I look at how I harmed others through my addiction and realized something profound. It goes well beyond people I know. When I was gambling I was setting an example to those who were around me.  In some cases I may have given encouragement to a person who was not normally a gambler. If they began to gamble from my example then it harmed them and those they affected as well.   The ways in which I harmed people was both from actions and my inaction.  The list of ways are limited only by my own awareness.

By working on recovery I am working on healing the festering wounds I have caused others.  Some will accept my change but others may not.  I can’t determine how long it will take because it is up to others to decide when they are ready.  All I can do is keep working on recovery for me.

In this process I have to stop the blaming others and also myself.
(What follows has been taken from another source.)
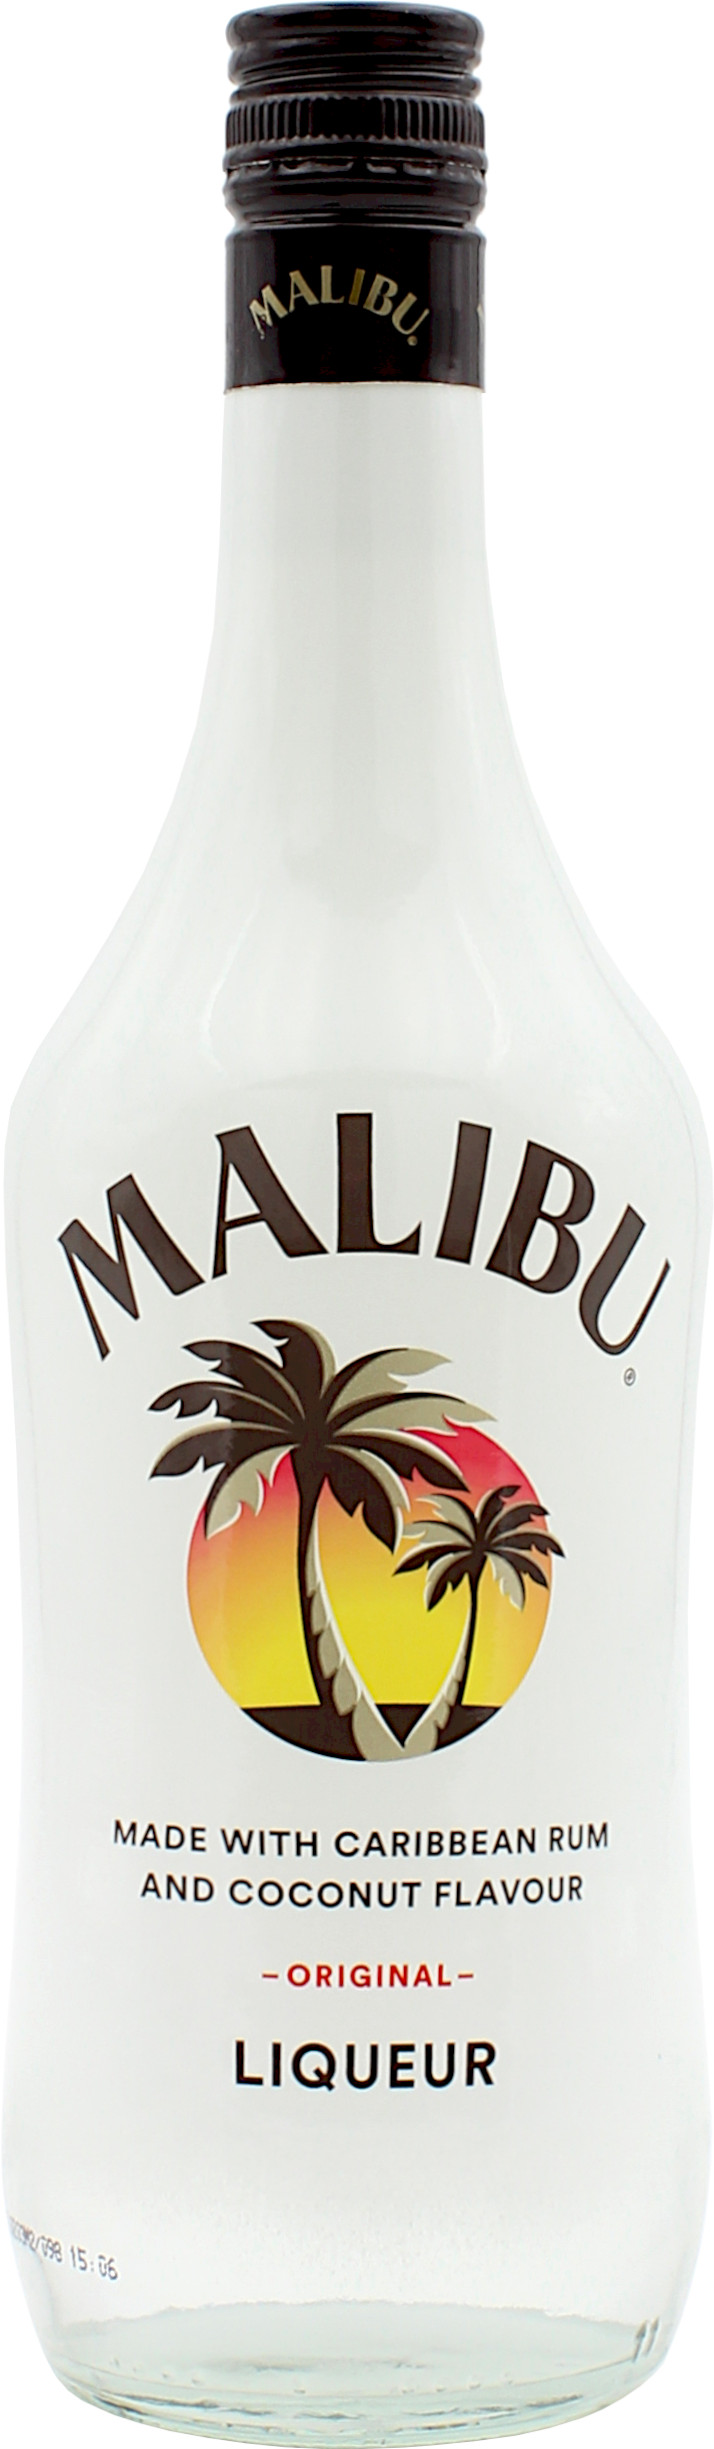 Malibu 21.0% 0,7l
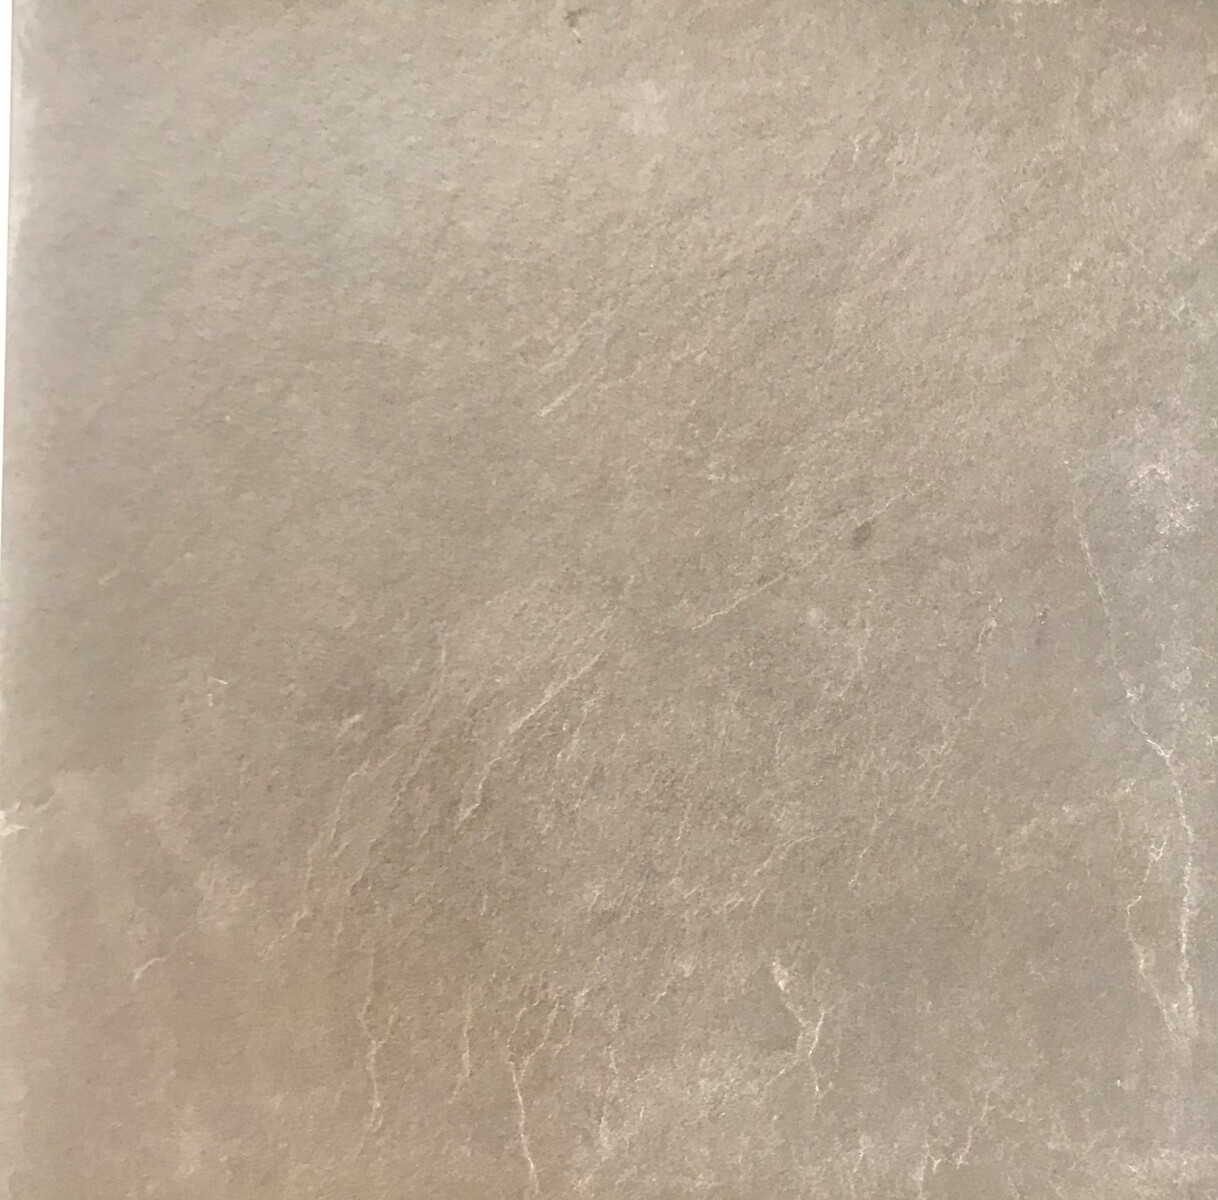 Piedra Pizarra Ardosia Vino 40 x 40 cm - 0.96m2

What is done can’t be changed and I can only move forward with the intentional process of making changes.

In my early recovery I only saw my limited successes.  Now I see that success as success regardless of the limits. In the beginning I didn’t like looking in the mirror because it was a painful view of destruction and hopelessness. As I began to realize that facing that pain was necessary to heal,I looked more often and say changes.

There were people I considered ‘enemies’ who became friends because of a realization that there was more to it.  I’d get mad at someone who told me no or tried to stop me from having my fun. Now I realize they were worried about me and can see it differently.

Making this list is a process that may be changing as I grow in recovery but without it I could excuse my part in the problem. As a result this listing of people makes me see what is necessary for recovery.

My anger and impatience with others has hurt them because they may not have been the real issue.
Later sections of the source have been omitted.